Он глотает язык. Он на самом деле издает какой-то булькающий звук. Потому что я не девушка, а почти совсем лысый старик. Я тоже чуть не икаю. Потому что он мой старинный приятель.
А эта женщина – жена его сына. Я с ней знаком, но мельком.
– Привет, – говорит он. – Понимаешь, нам предстоит очень сложный и долгий разговор.

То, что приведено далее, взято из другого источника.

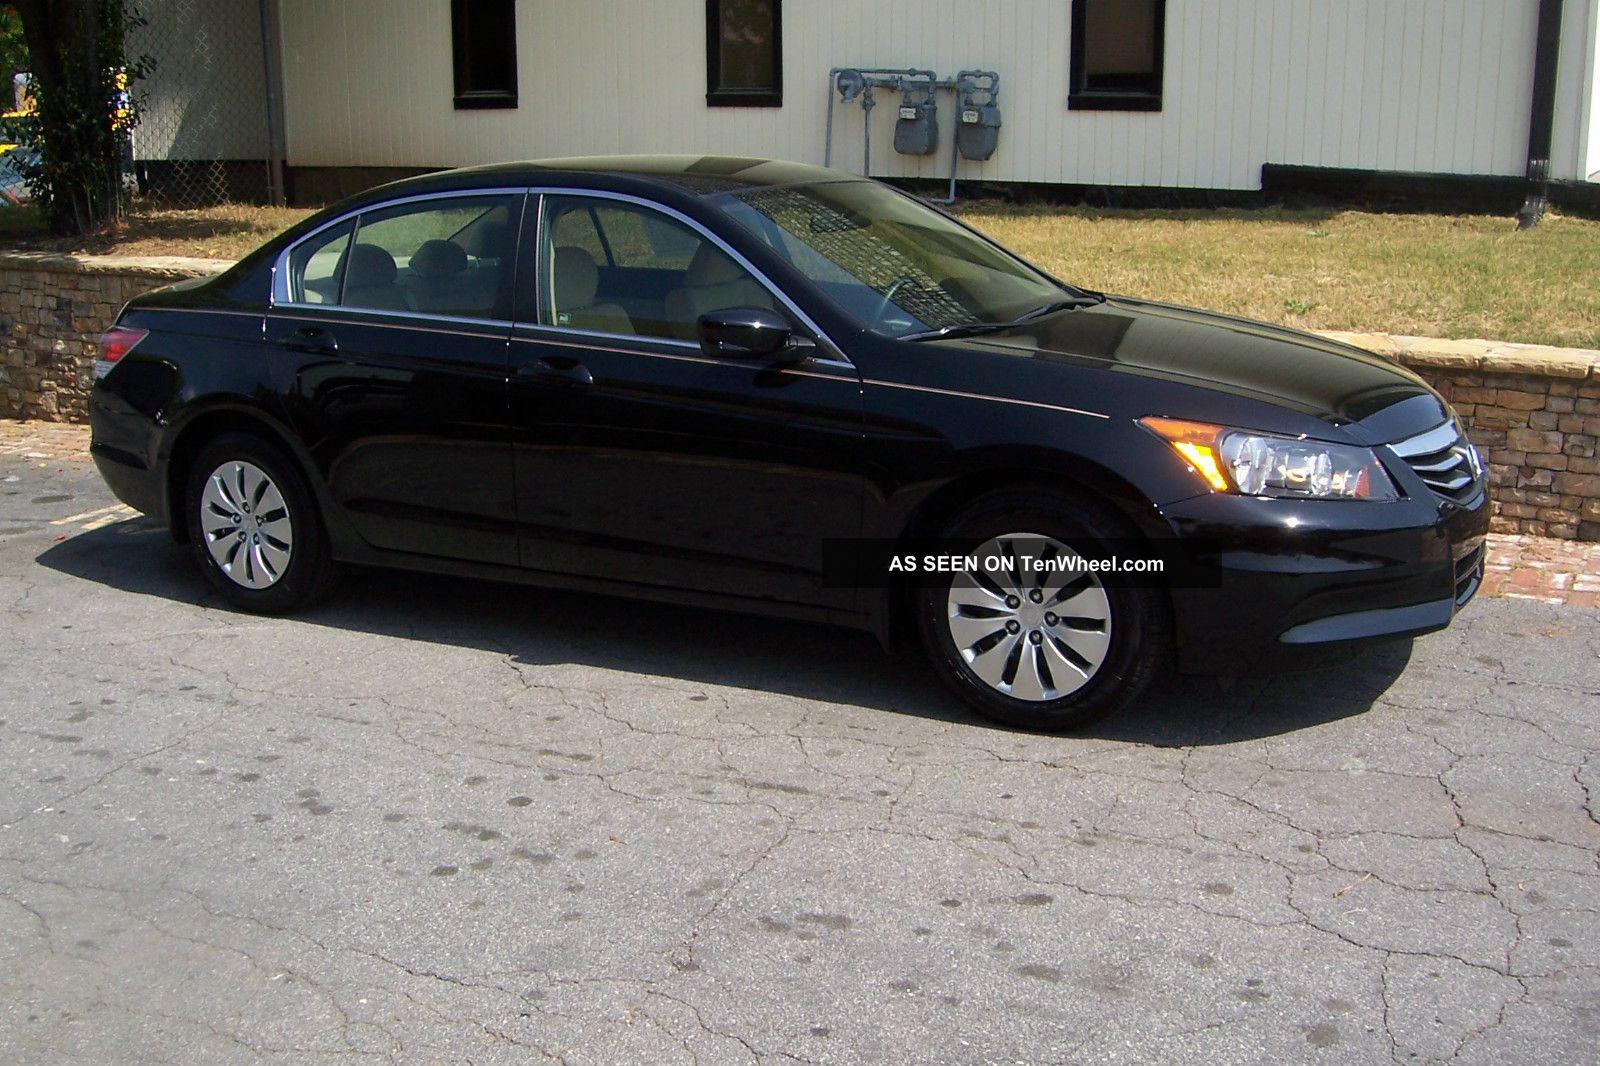 2011 Honda Accord Lx Sedan 4 Door 2 4l Only 14k

Семейные финансово-имущественные проблемы, понимаешь? Поэтому мы с Дашей решили здесь, так сказать, в тишине и покое, всё разобрать. Посмотреть бумаги… Ты понимаешь?
Он показывает на портфель, который стоит на кресле.

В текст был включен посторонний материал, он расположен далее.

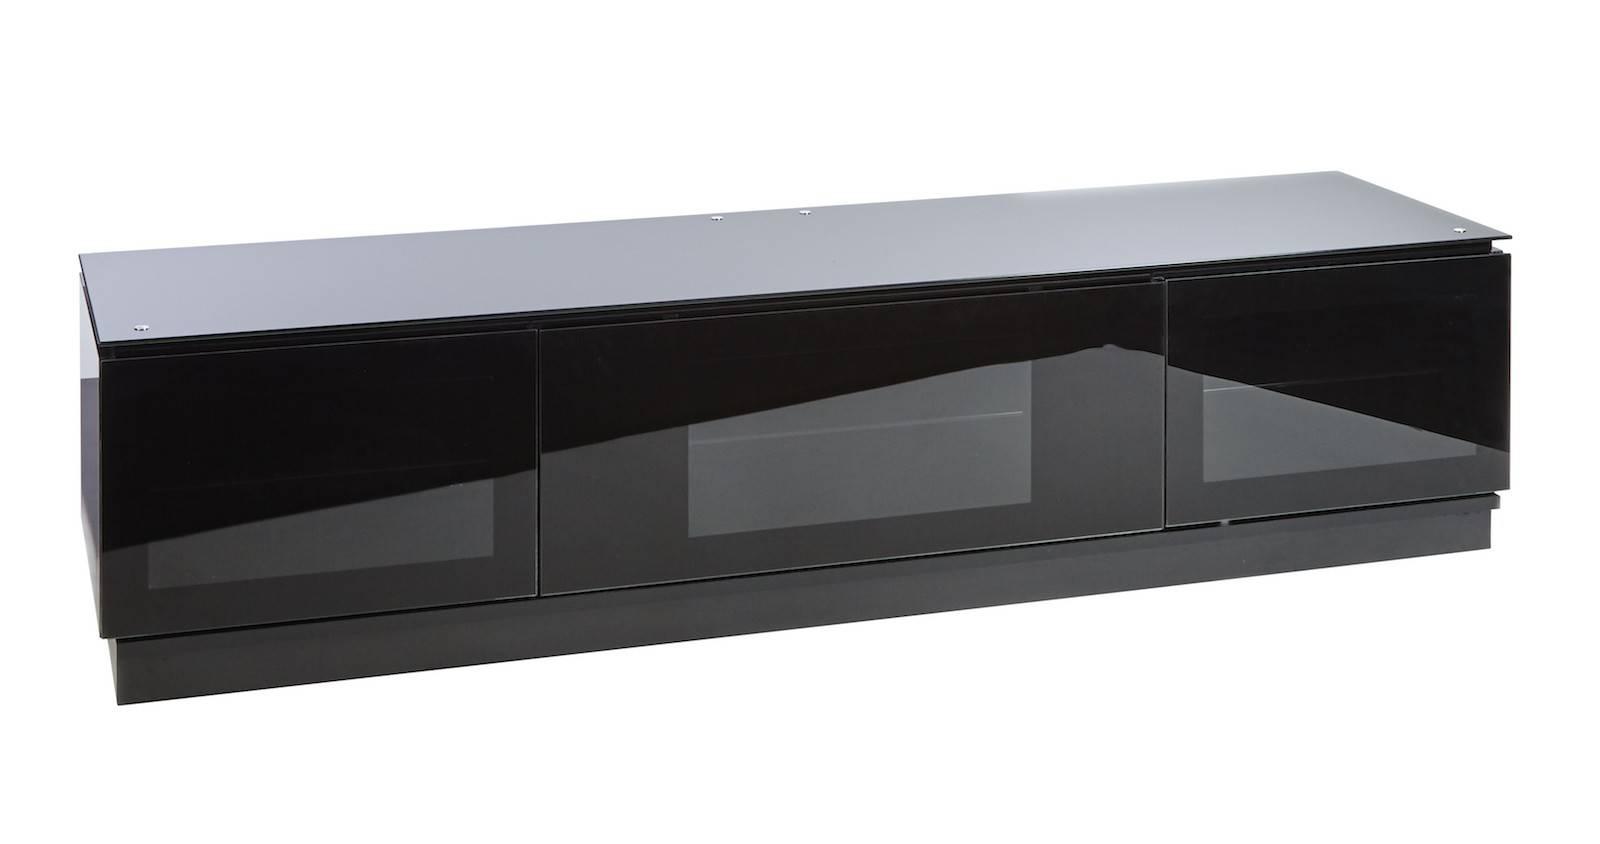 Popular Photo of Shiny Black Tv Stands

– Да, да, конечно, – смиренно говорю я, встаю, подбираю свои веники и ершики, прохожу мимо него в комнату, подхожу к кровати, стаскиваю одеяло, простыню, наволочку.

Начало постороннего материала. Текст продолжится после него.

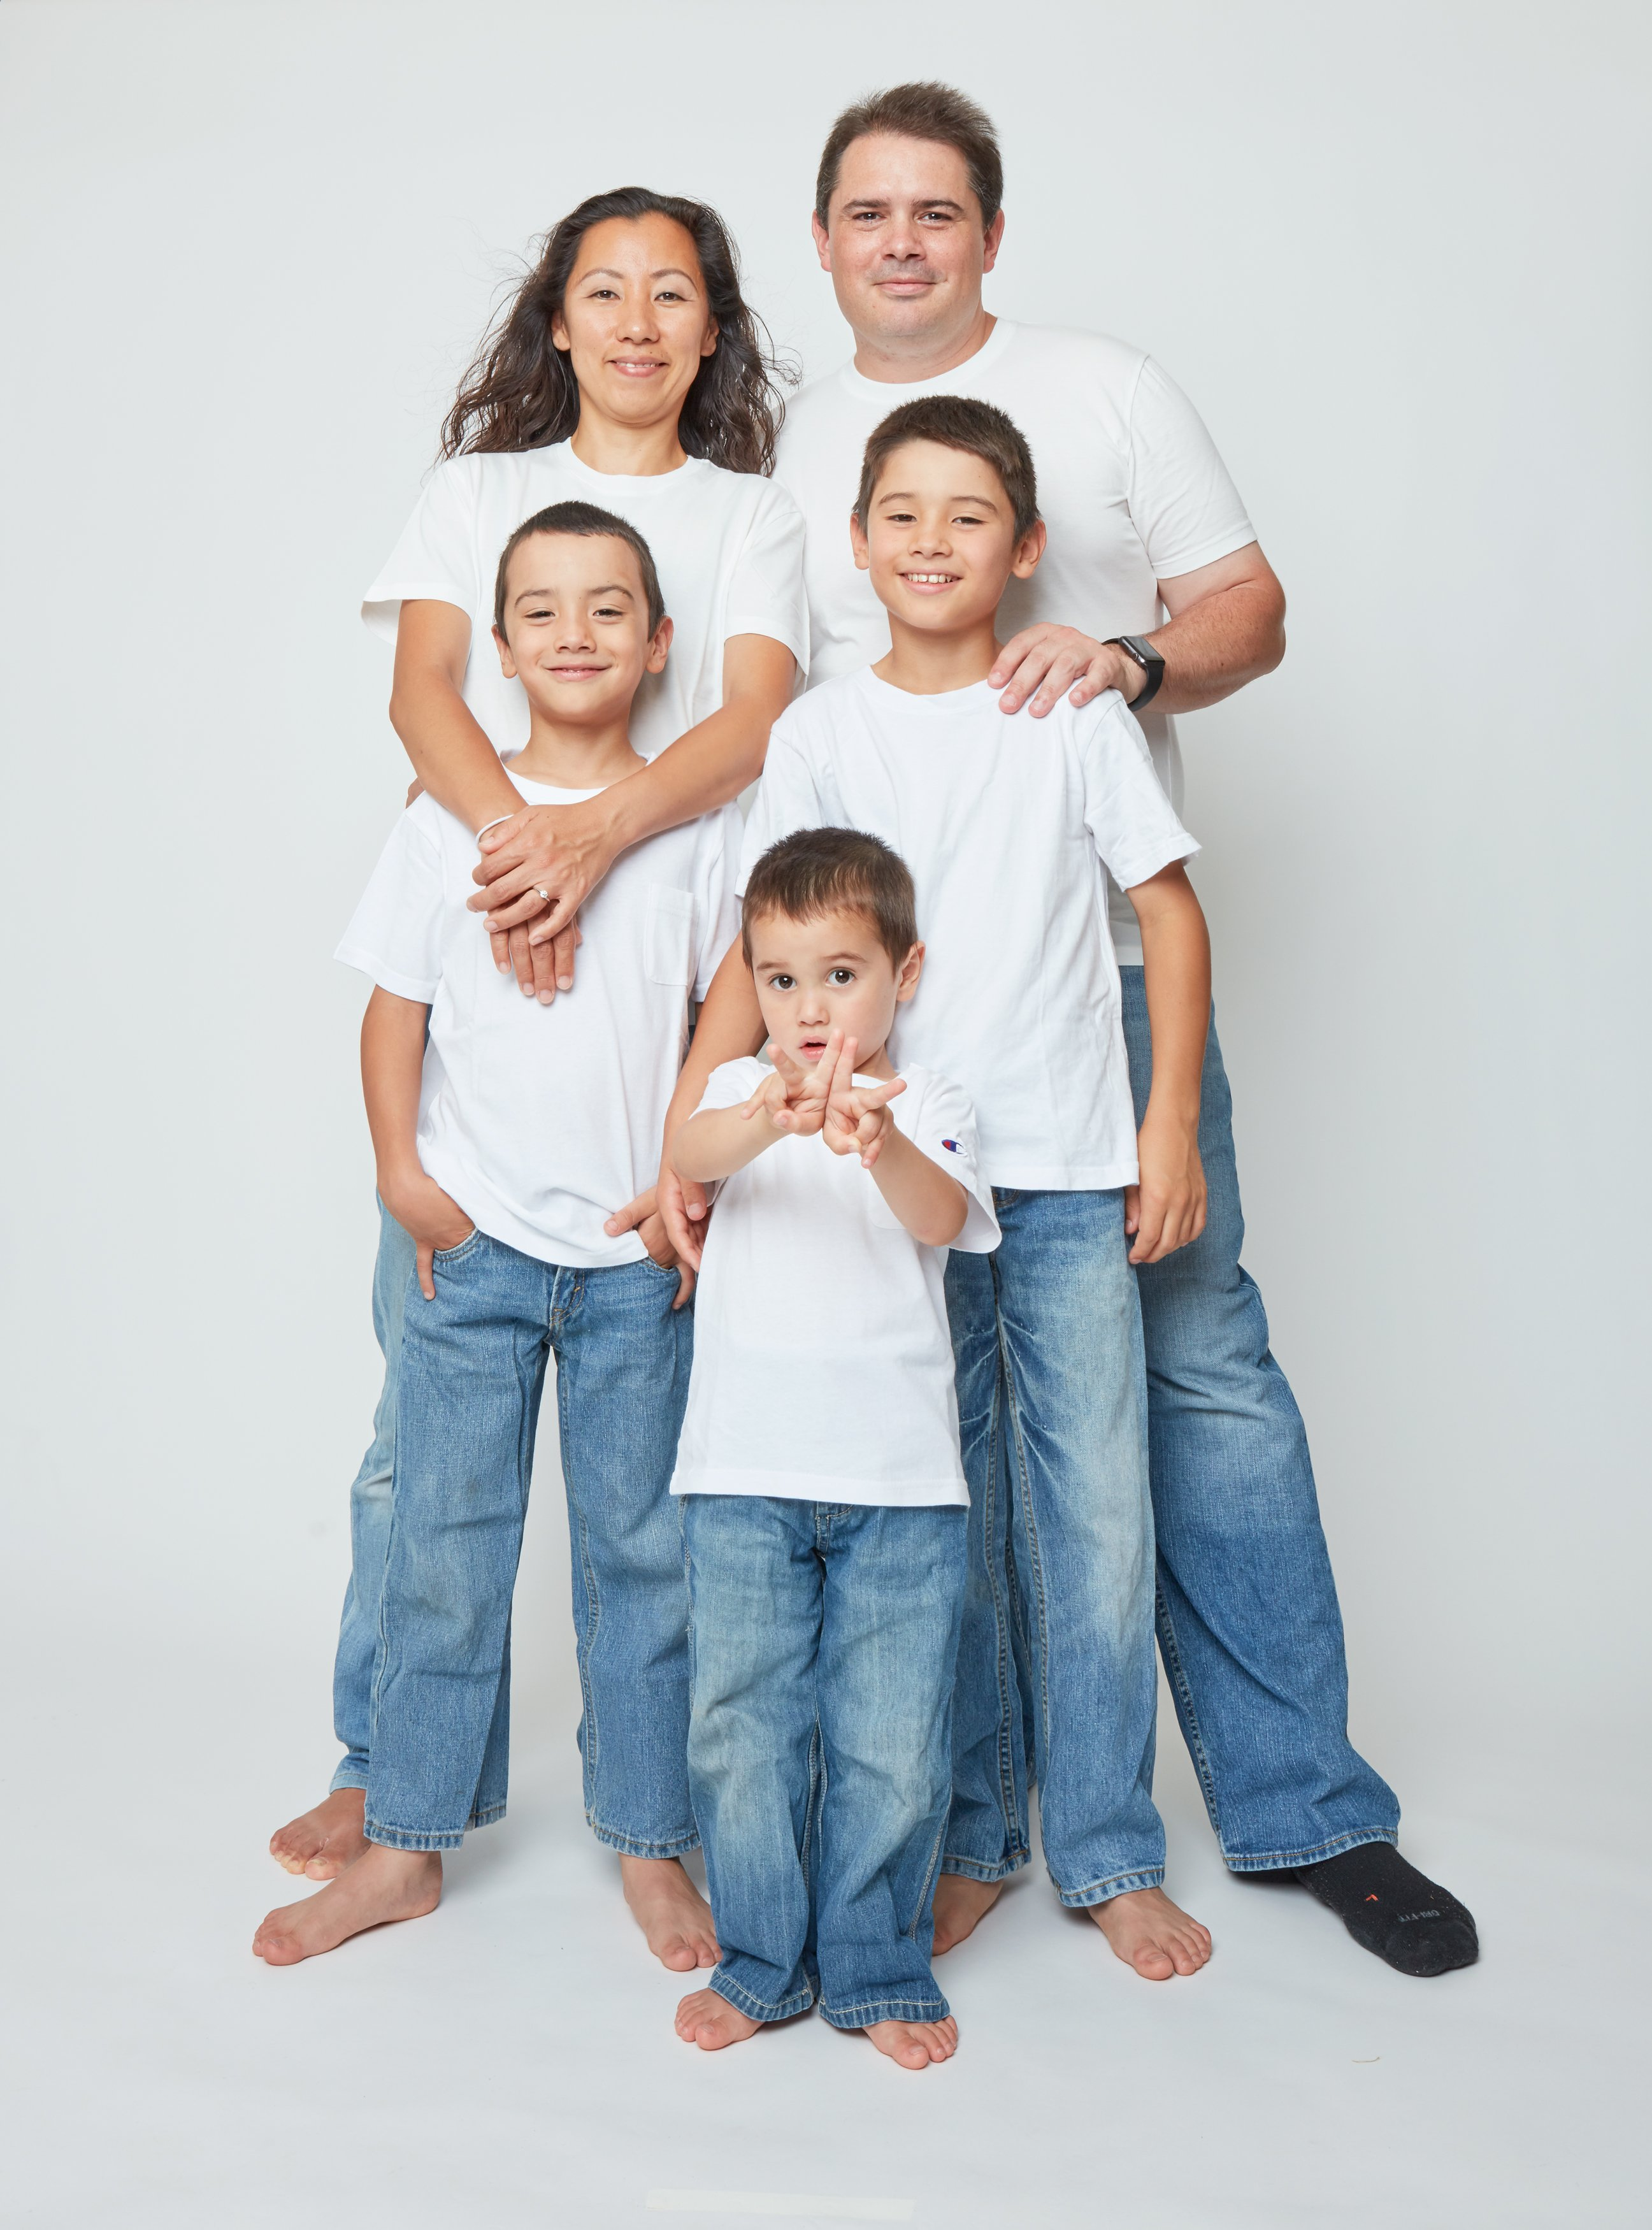 _M5L7740-DePaula-Family-WEB35

– Ты что? – спрашивает он.
– Постель перестелить, – говорю я.
– С ума сошел? – вдруг орет он. – Ты что, мне не веришь?
– Положено, – говорю я.
– Что с тобой? – он продолжает орать. – Ты почему в лакеи записался?
– На всё воля Божья, – говорю я, как велел настоятель.
– Лучше бы ты у меня попросил денег! – кричит он. – Если совсем уж денег нет! Я бы тебе дал! А ты нанялся за мной следить!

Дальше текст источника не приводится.